Holding on to a body part while Jack nibbled away was a grunt’s job, and he would have hated to do it himself. Still, the case had to get done. The problem was, his emotional instability was causing him to be less patient than usual.

“Just try to focus a little more,” Jack said, making a conscious effort to calm his voice.

“Let’s get this over with.”

“Got it, boss,” Vinnie said, tightening his grip on the woman’s head.

The rest of the autopsy room was a beehive of activity with all eight tables in use, but Jack was oblivious to it all. He now had a preliminary diagnosis as to the cause of Keara’s death, and his attention was focused. The arteriogram showed an almost complete blockage of both vertebral arteries, the source of much of the brain’s blood supply. The blockage appeared to have occurred over a relatively short period of time.

But why? Was it a natural occurrence, as in some sort of emboli, or accidental, like an injury? The fact that it was so symmetrical was the most difficult to explain. It was a unique case for Jack, and he had eased up on himself for not thinking of doing a vertebral arteriogram before removing the brain. It had been a mistake but ultimately not detrimental.

Twenty minutes later, Vinnie leaned down to view Jack’s handiwork. “It’s looking good to me,” he said.

Jack straightened up, pleased. The field looked like an anatomy textbook illustration of the course of the vertebral arteries, particularly at the base of the skull. “Can you see the bluish discoloration and swelling around the S-curves on both sides?” Jack asked.
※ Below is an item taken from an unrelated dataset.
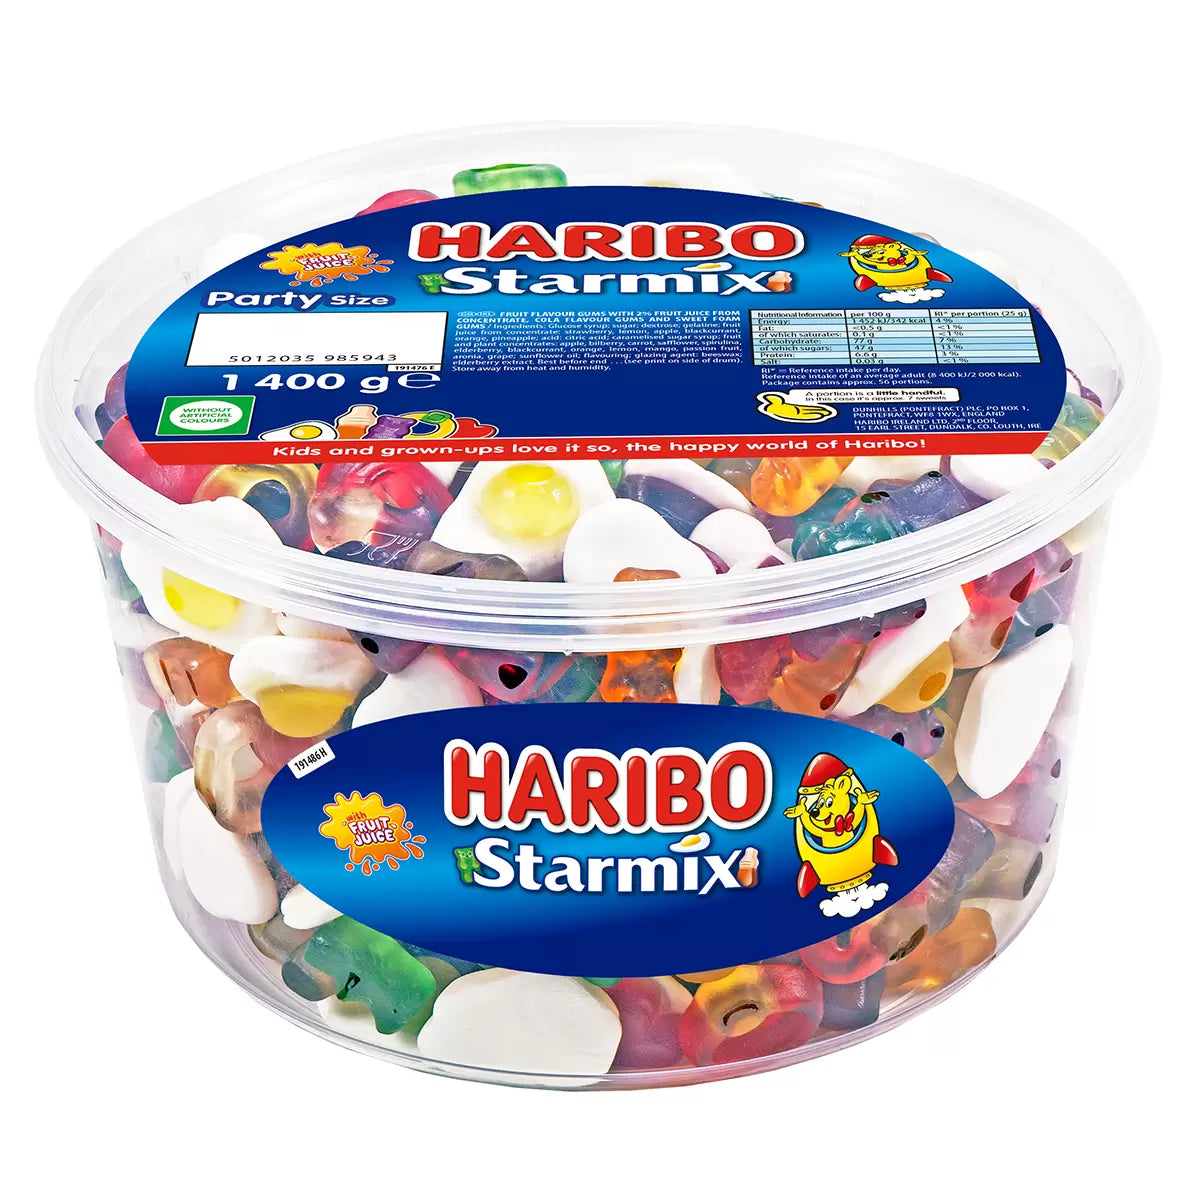 Haribo Starmix Party Size - 1400g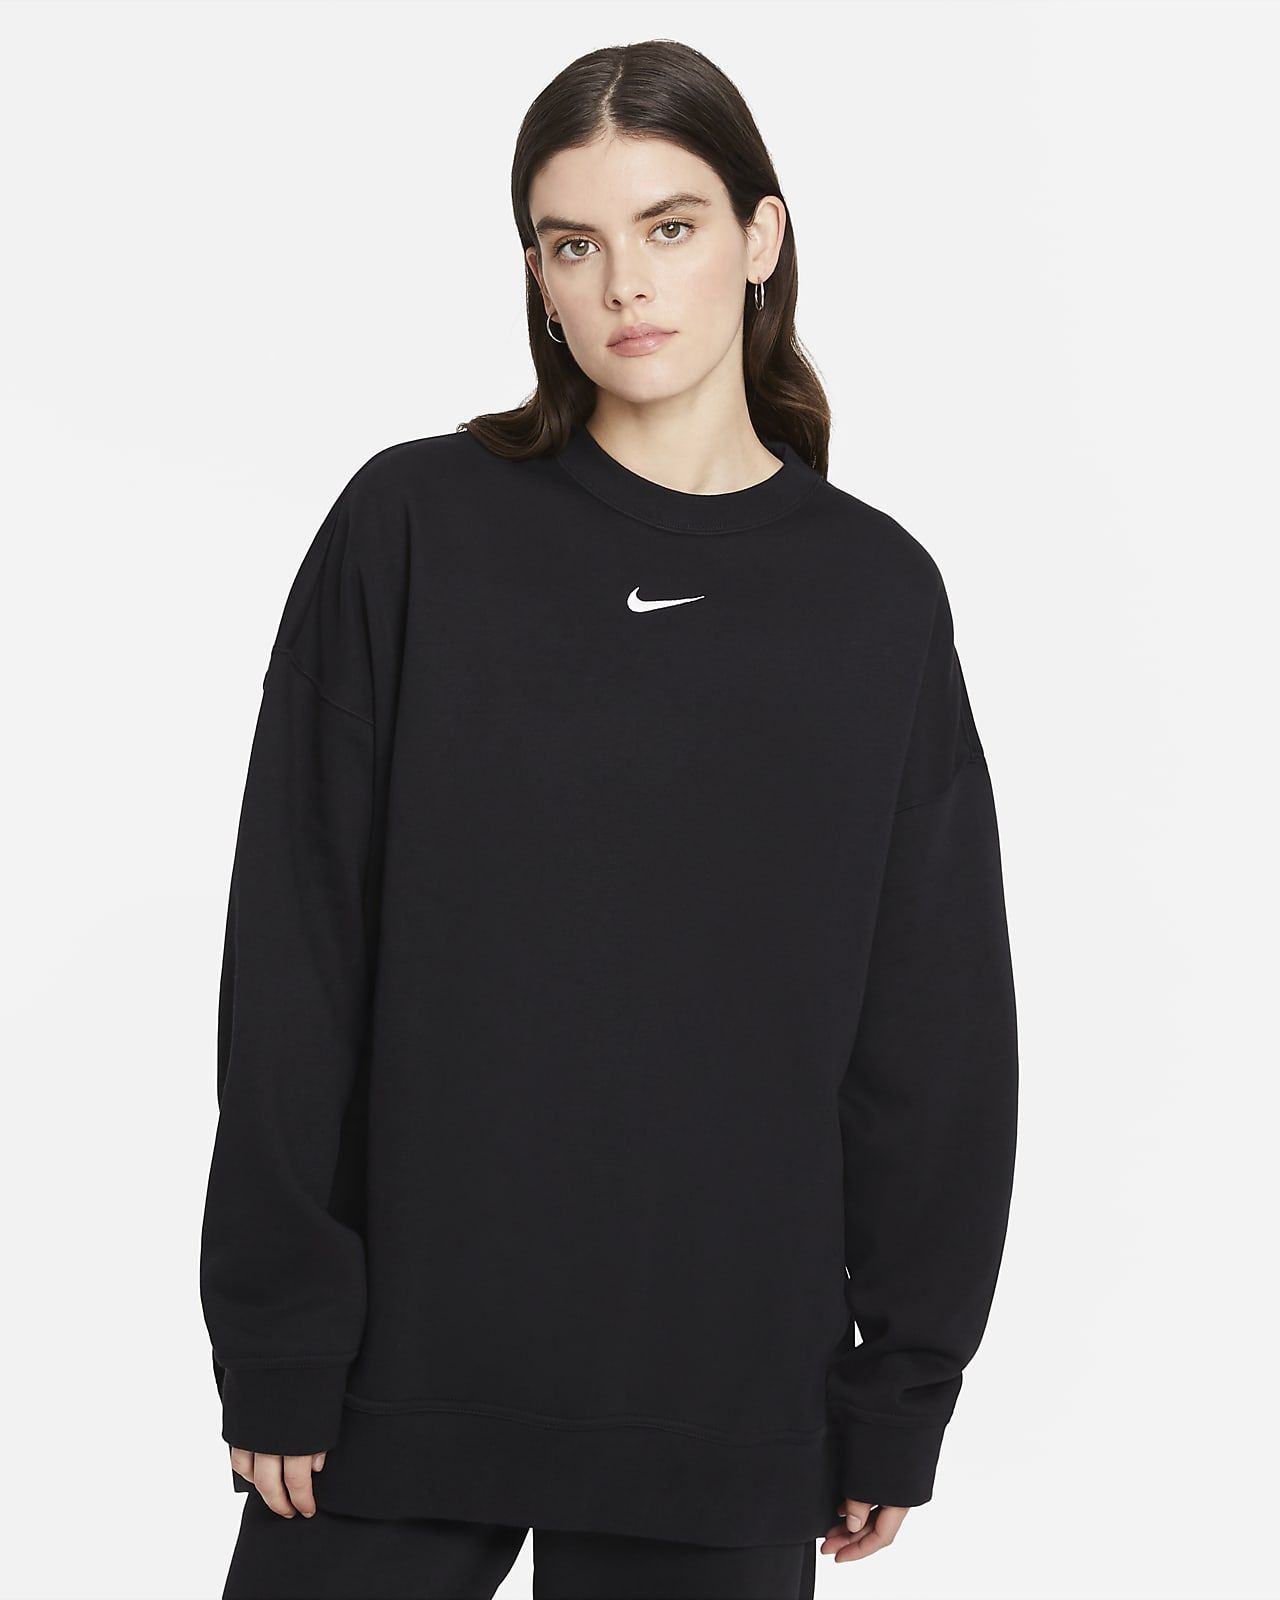 Nike Sportswear Collection Essentials | Nike (US)

“Come around to get a better look.”

Vinnie traded places with Jack. From that vantage point he could see what Jack was referring to. Each vertebral artery had a two- to three-inch section with a swollen bluish cast, the right slightly more pronounced than the left. “What do you think it is?” Vinnie said.

Jack shrugged. “Looks to me like an injury of some kind, but since there was zero bruising on her neck, it’s a bit strange. In fact, she had no signs of trauma of any form.

And it’s peculiar how symmetrical it is.”

“Could it be a whiplash injury, something like that?”

“I suppose it could, but there’d be the history of the automobile accident. When I glanced through the medicolegal investigation report, there’d been no mention of any auto accident. I think I might be in for a bit of investigative work myself. There has to be an explanation.”

“What now?”

“More photos,” Jack said, reaching for the digital camera. “Then we’re going to remove both arteries and check the interiors.”

Ten minutes later Jack had the vessels on the cutting board with the brain. They looked like two small headless red snakes who’d swallowed something blue. The discoloration was more apparent than when the arteries had been in situ.

“Here goes nothing,” Jack said. Steadying each blood vessel between the thumb and forefinger of his left hand, he used his right to make a careful incision through one side of each artery’s wall. He then opened both of them lengthwise, spreading them out on the cutting board inside out.

“Would you look at that?” he said, still holding the scalpel.